For two different well-known benchmarks, this NPU claimed 8 TOPS compared to the aiWare3P's 4 TOPS, which should have meant it would deliver approximately twice the FPS performance of the aiWare3P. However, in reality, the opposite is true: the aiWare3P delivered 2 to 5 times the performance, despite only having half the claimed TOPS!

The conclusion is that TOPS is a very poor method for measuring the capabilities of AI hardware; hardware utilization is almost as misleading as TOPS.

NPU Efficiency and Autonomy: Key to Optimizing PPA

This is why I believe you must evaluate an NPU's capabilities based on its efficiency when executing a representative set of workloads, rather than its raw, theoretical hardware capabilities. Efficiency is defined as the percentage of claimed TOPS (top-levels) required to execute a particular CNN within a single frame. This number is calculated entirely from the underlying mathematics that defines any CNN, regardless of how the NPU actually evaluates it. It compares actual performance with claimed performance, which is what truly matters.

A highly efficient NPU means it will make full use of every square millimeter of silicon used to implement it, translating to lower chip costs and lower power consumption. Efficiency can achieve optimal PPA (performance, power, and area) for automotive SoCs or ASICs.

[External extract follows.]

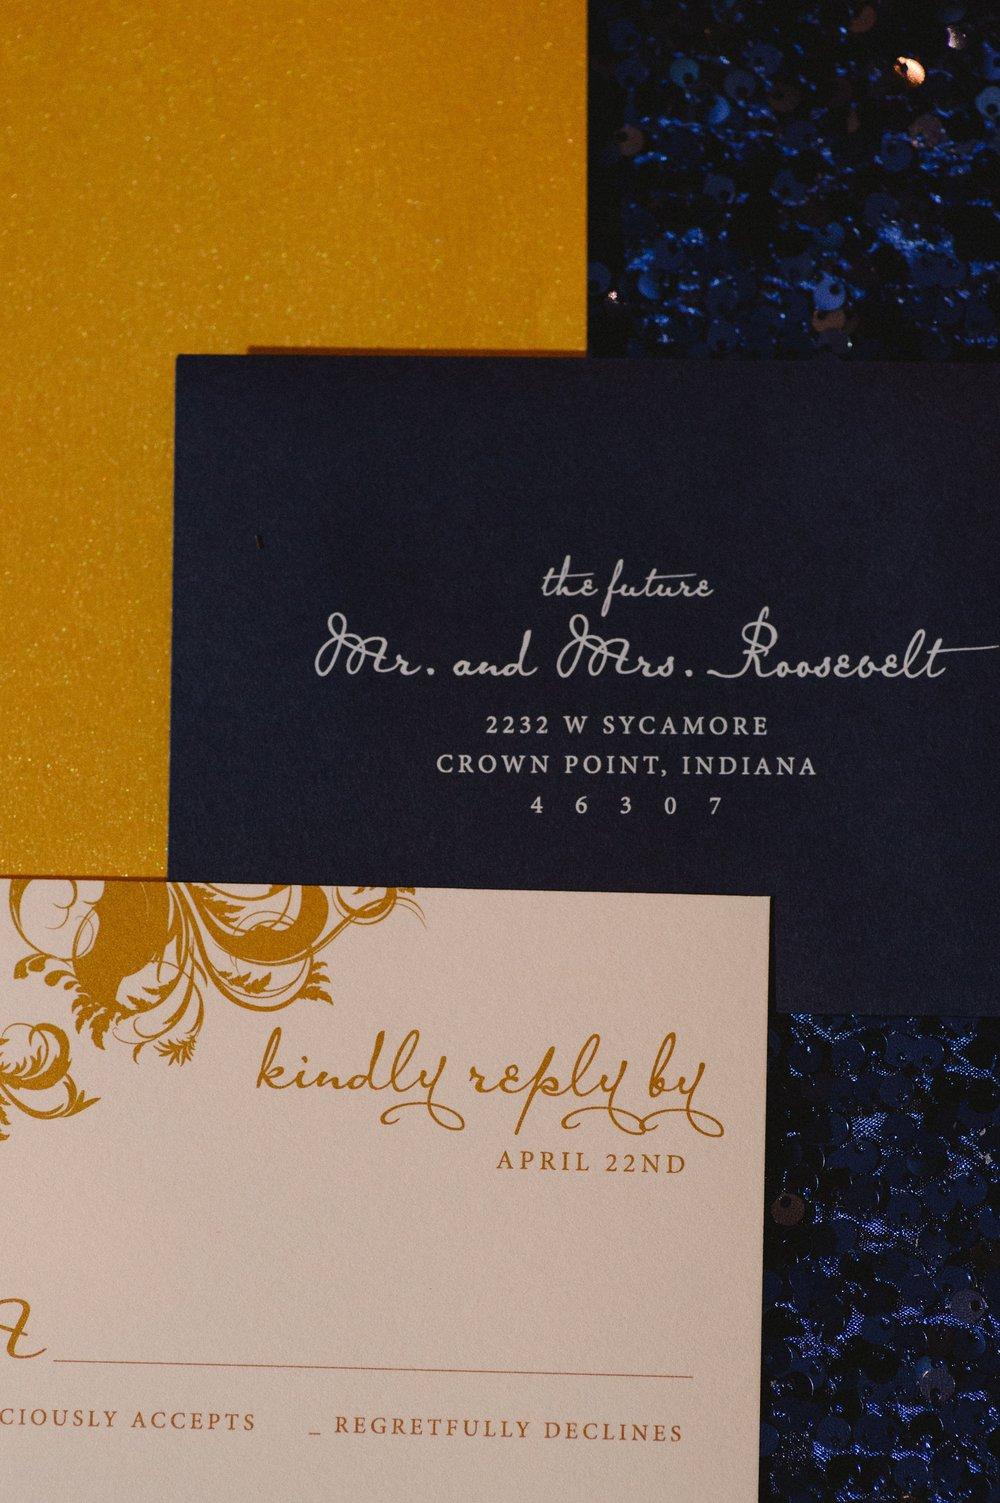 KatherineMurrayPhotography_StyledShoot_Wedding_BeautyAndTheBeast_ATaleAsOldAsTime_theAllure_LaPorteIndiana00250-min.jpg

The autonomy of the NPU is another important factor. How much CPU load should be placed on the host CPU to achieve maximum performance for the NPU? How does this relate to the memory subsystem? The NPU as a large component in any SoC or ASIC must be considered—its impact on the rest of the chip and subsystem cannot be ignored.

in conclusion

When designing any SoC or ASIC for automotive applications, AI engineers must focus on building a production platform capable of reliably executing algorithms while achieving superior power-to-performance (PPA): lowest power consumption, lowest cost, and highest performance. They must also commit to the choice of hardware platform early in the design cycle, typically before the final algorithm development is complete.

Efficiency is the best way to achieve this goal; neither TOPS nor hardware utilization are good metrics. Assessing the NPU's autonomy is also crucial to meeting stringent production targets.

Tony King-Smith is an Executive Consultant at aiMotive. He has over 40 years of experience in the semiconductor and electronics industry, managing R&D strategy and hardware and software engineering teams for multinational companies such as Panasonic, Renesas, BAE Systems, and LSI Logic. Tony previously served as CMO of Imagination Technologies, a leading semiconductor IP provider.